Write the data out in full and word for word. Do not include images.

[DATA PROVIDED]
_ _ _ _ _

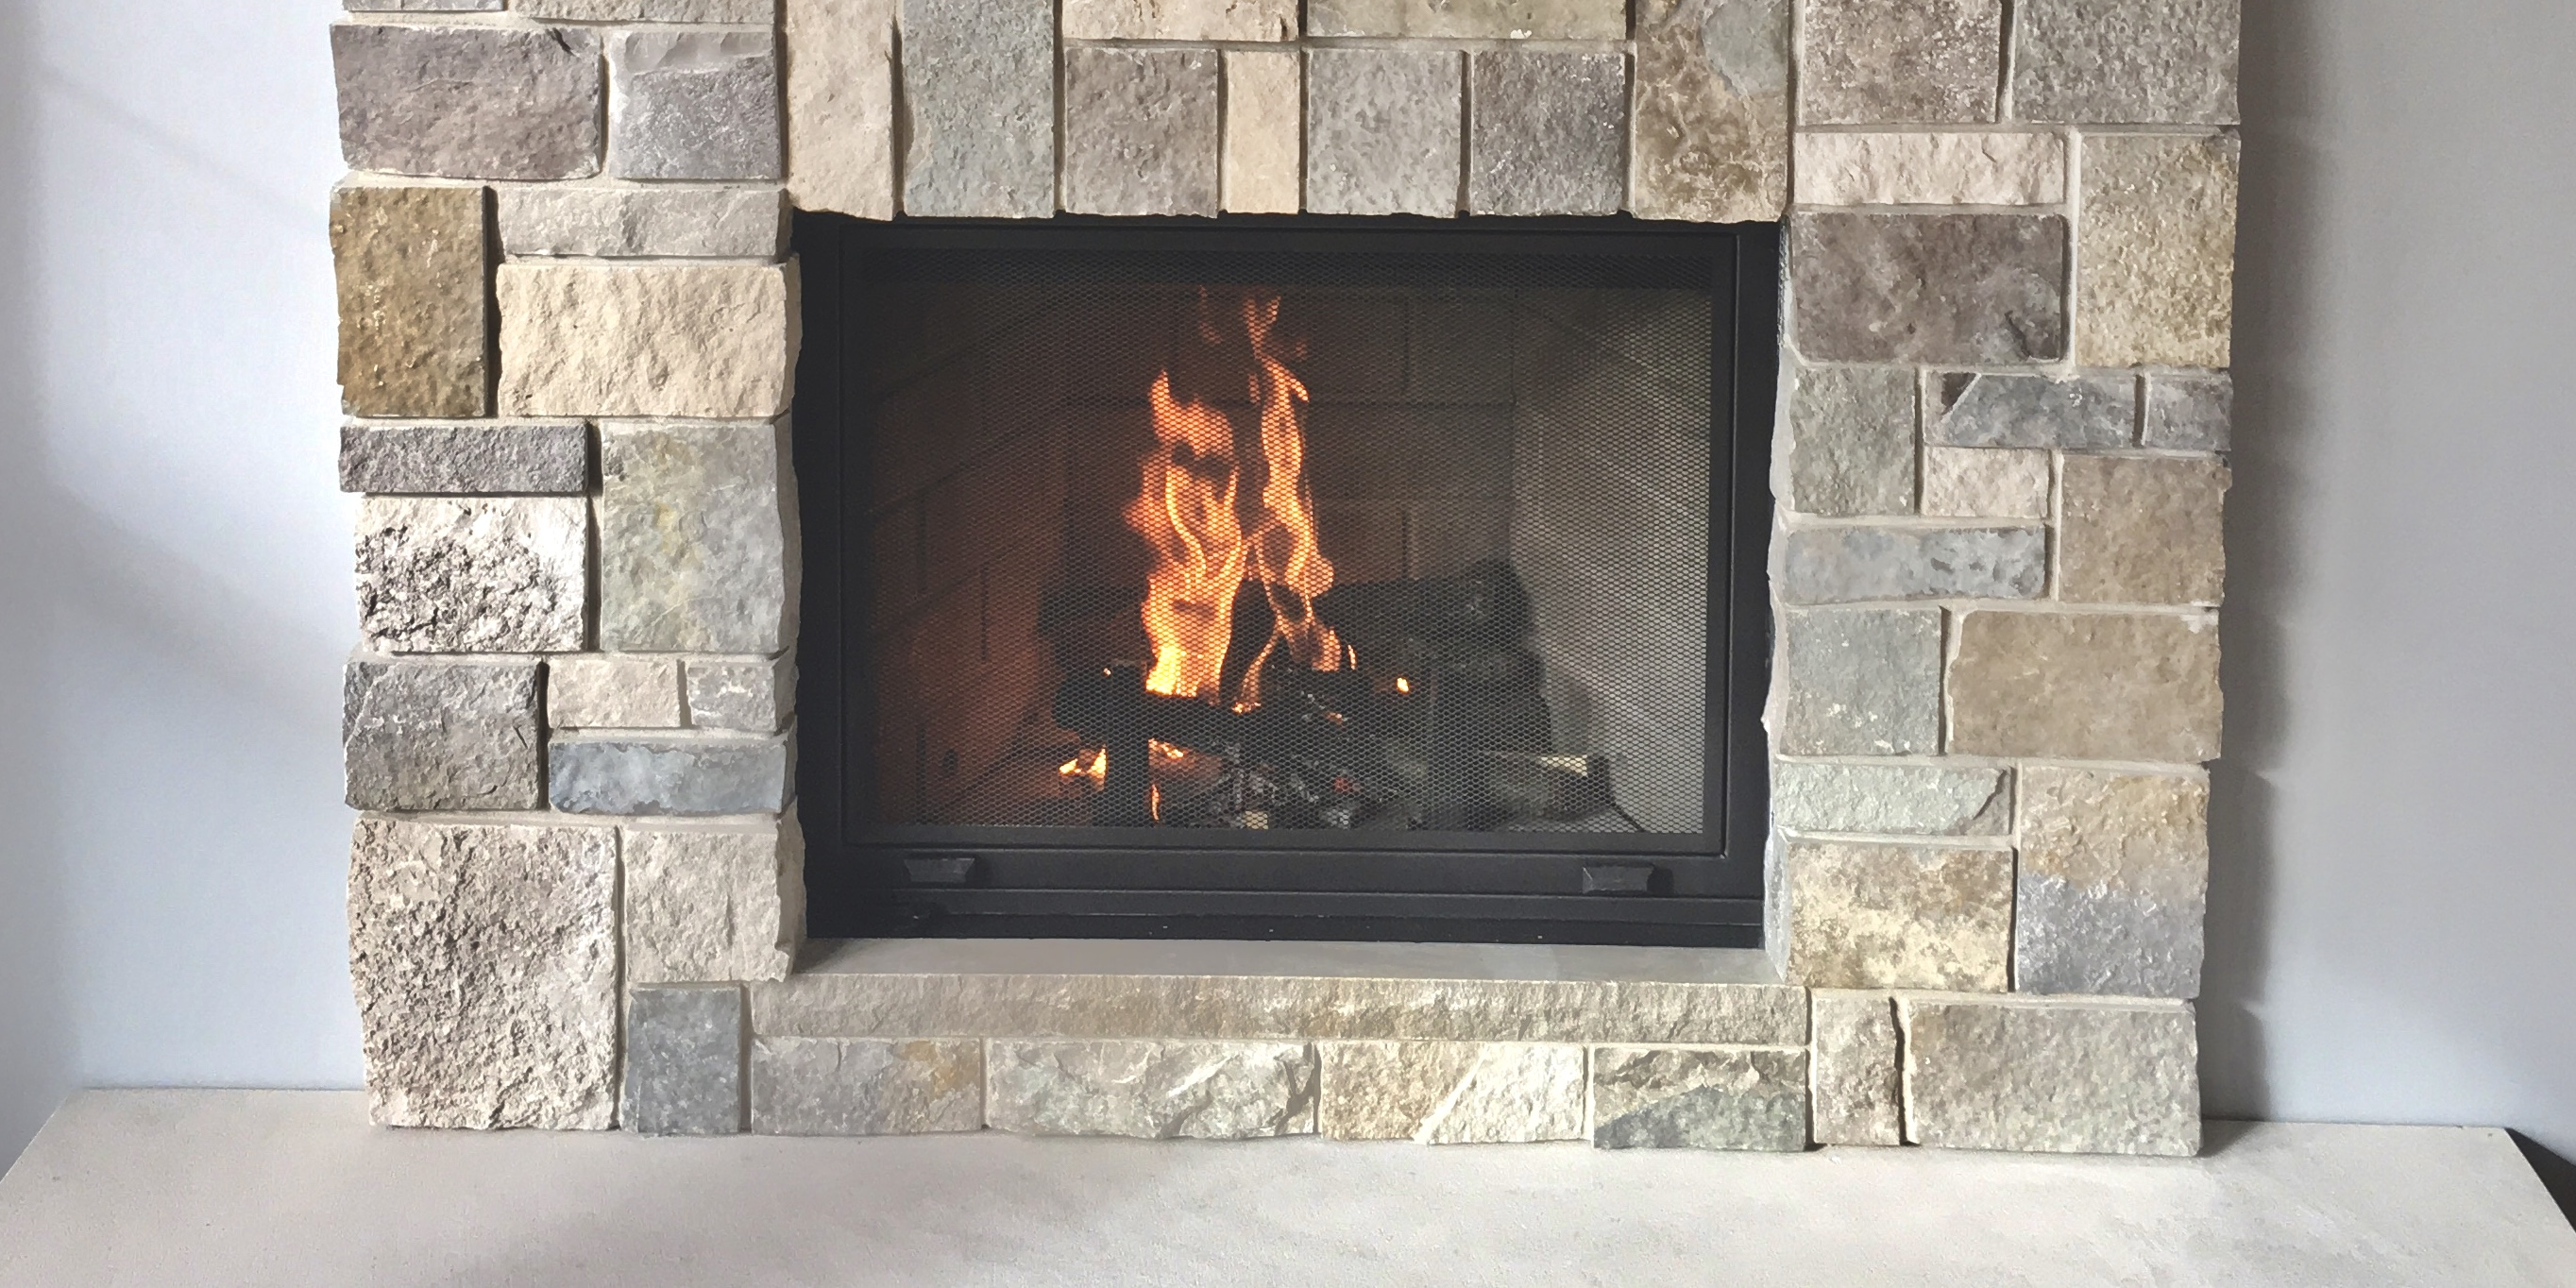 wood fireplaces builder s fireplace company rh buildersfireplace com best high efficiency wood burning fireplace inserts best high efficiency wood burning fireplace inserts
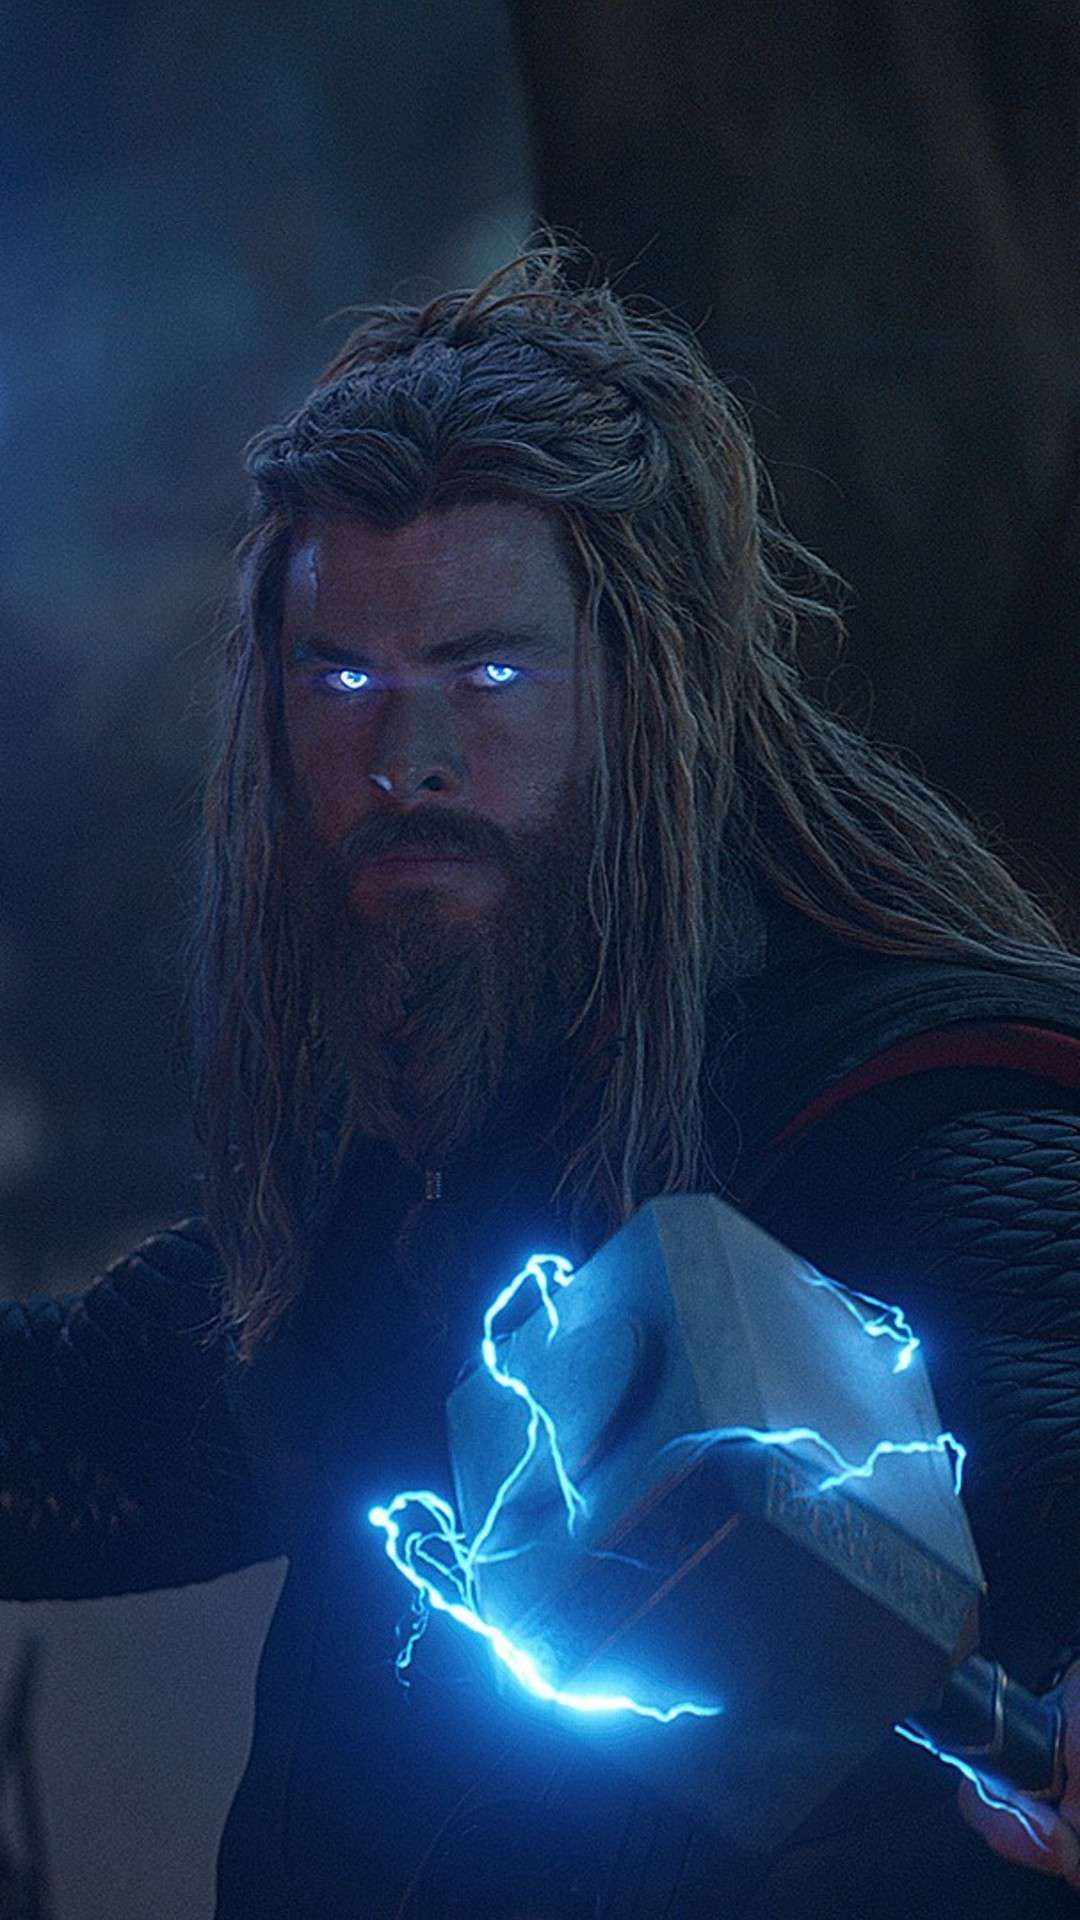 Gordo Pero Hermosooo Marvel Thor Marvel Superheroes Avengers
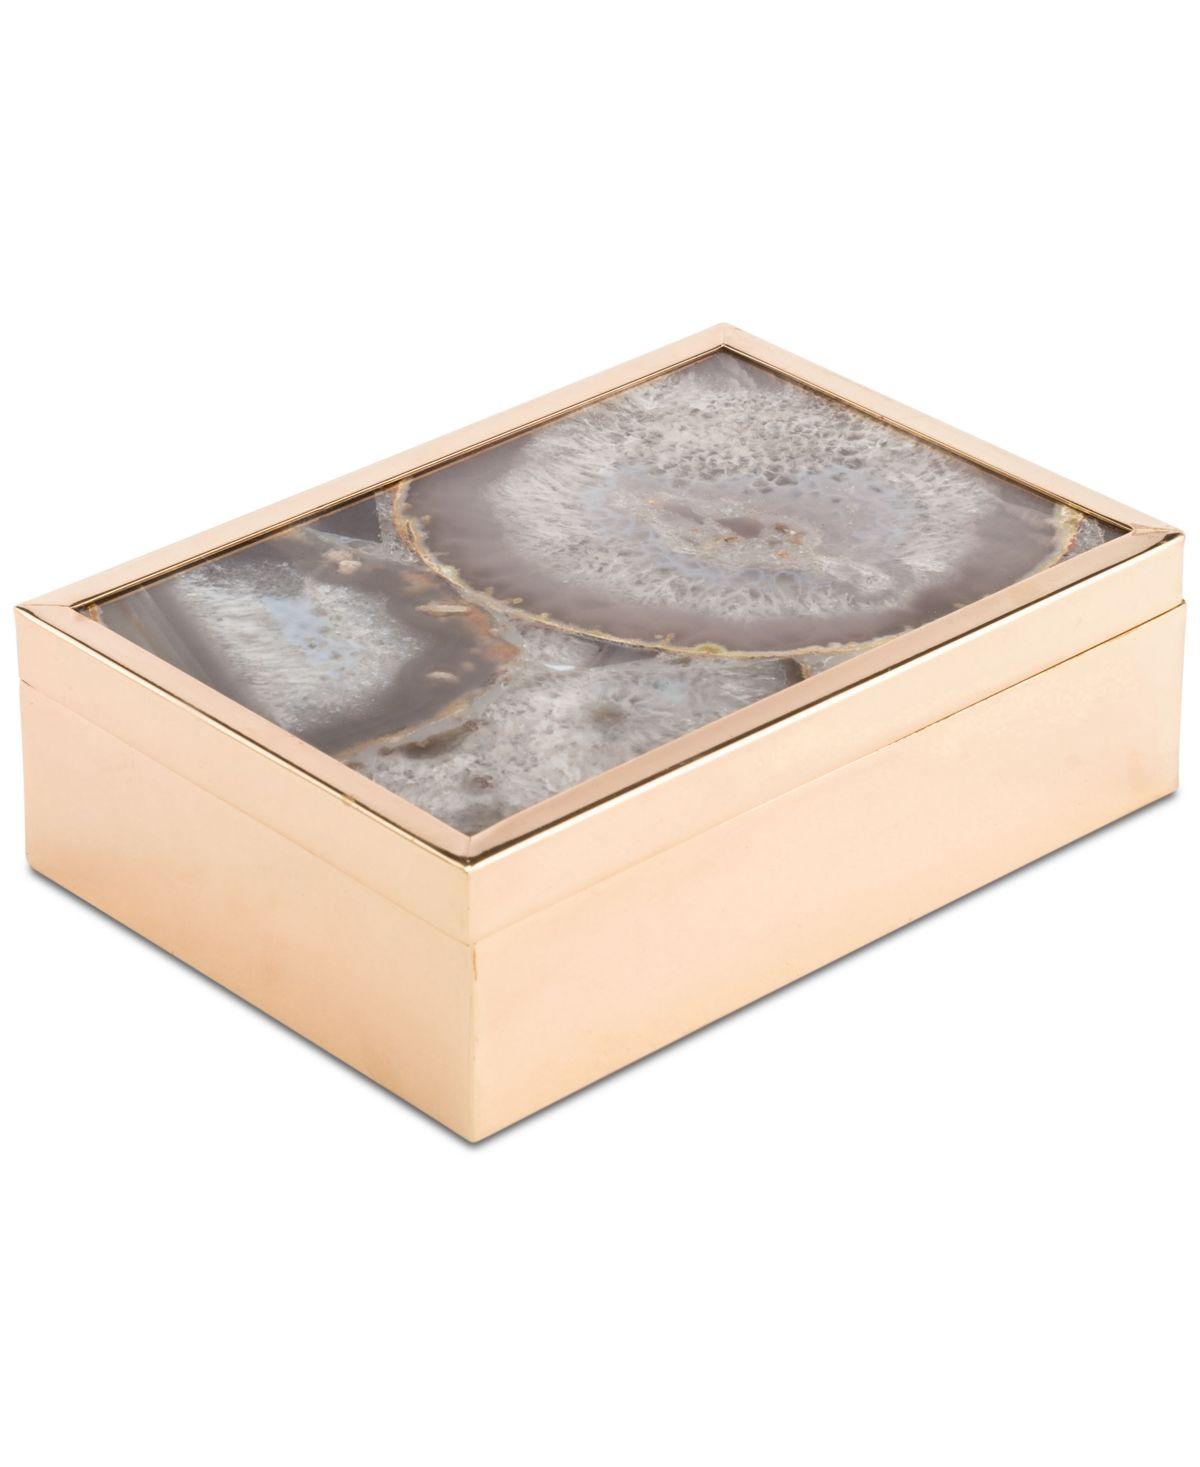 Zuo White Stone Large Decorative Box Reviews Macy S

_ _ _ _ _

[RESULT OF THIS EXERCISE]
 wood fireplaces builder s fireplace company rh buildersfireplace com best high efficiency wood burning fireplace inserts best high efficiency wood burning fireplace inserts
 Gordo Pero Hermosooo Marvel Thor Marvel Superheroes Avengers
 Zuo White Stone Large Decorative Box Reviews Macy S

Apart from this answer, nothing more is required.